Content starts
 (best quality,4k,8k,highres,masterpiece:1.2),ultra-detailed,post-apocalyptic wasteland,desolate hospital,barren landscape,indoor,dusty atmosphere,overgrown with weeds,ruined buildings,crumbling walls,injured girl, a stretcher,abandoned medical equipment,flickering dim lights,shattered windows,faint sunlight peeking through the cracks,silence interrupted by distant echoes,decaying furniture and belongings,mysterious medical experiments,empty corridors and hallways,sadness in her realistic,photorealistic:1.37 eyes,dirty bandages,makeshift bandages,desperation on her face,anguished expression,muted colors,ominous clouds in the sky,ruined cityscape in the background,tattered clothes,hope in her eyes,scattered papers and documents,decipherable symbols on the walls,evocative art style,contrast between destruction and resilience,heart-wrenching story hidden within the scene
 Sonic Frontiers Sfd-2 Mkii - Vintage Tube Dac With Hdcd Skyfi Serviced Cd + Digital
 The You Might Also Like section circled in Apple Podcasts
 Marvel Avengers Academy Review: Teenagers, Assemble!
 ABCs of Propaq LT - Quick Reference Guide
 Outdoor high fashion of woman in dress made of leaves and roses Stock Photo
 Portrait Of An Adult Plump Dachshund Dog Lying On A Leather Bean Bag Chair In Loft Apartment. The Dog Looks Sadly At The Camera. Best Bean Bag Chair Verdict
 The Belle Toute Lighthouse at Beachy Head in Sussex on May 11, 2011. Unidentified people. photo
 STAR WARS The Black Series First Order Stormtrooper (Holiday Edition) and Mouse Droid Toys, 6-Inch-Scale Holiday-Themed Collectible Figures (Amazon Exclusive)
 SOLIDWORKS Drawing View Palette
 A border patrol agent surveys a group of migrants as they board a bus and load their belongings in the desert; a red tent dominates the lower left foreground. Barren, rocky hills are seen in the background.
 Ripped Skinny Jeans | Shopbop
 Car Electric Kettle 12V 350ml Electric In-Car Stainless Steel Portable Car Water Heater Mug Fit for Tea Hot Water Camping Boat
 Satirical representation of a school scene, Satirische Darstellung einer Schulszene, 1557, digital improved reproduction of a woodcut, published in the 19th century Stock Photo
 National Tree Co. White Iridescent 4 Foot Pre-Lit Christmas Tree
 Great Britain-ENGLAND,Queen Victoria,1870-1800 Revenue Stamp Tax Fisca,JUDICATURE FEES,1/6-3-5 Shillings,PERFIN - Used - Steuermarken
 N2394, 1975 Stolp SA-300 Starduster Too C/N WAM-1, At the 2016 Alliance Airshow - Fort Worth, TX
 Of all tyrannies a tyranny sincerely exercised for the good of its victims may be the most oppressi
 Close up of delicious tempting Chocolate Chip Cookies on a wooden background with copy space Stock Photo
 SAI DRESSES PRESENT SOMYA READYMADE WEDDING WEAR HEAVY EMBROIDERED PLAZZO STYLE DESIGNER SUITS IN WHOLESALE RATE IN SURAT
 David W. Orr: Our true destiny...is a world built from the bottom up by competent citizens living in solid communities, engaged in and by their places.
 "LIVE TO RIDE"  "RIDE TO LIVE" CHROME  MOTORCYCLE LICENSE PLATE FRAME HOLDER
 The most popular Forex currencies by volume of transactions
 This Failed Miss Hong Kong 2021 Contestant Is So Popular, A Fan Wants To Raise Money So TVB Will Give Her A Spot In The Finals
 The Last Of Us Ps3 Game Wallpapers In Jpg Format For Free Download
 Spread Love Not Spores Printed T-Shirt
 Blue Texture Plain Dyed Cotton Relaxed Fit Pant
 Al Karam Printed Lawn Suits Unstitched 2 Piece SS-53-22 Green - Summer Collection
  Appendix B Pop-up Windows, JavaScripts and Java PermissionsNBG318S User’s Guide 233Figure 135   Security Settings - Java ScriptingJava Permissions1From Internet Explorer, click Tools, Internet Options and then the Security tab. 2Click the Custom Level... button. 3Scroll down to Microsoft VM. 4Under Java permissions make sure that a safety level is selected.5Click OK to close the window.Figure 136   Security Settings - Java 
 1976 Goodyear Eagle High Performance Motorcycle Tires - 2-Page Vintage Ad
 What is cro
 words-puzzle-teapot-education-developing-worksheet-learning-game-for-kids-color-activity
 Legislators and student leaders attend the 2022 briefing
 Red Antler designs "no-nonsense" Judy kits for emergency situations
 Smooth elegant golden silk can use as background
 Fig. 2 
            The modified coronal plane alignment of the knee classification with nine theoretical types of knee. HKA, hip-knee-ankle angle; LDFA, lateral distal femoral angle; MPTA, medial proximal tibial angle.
Content ends
WORK INSTRUCTIONS:
Only the number is wanted here. Please work out how many lines of the records contain "most".

ANSWER TO THIS TASK:
2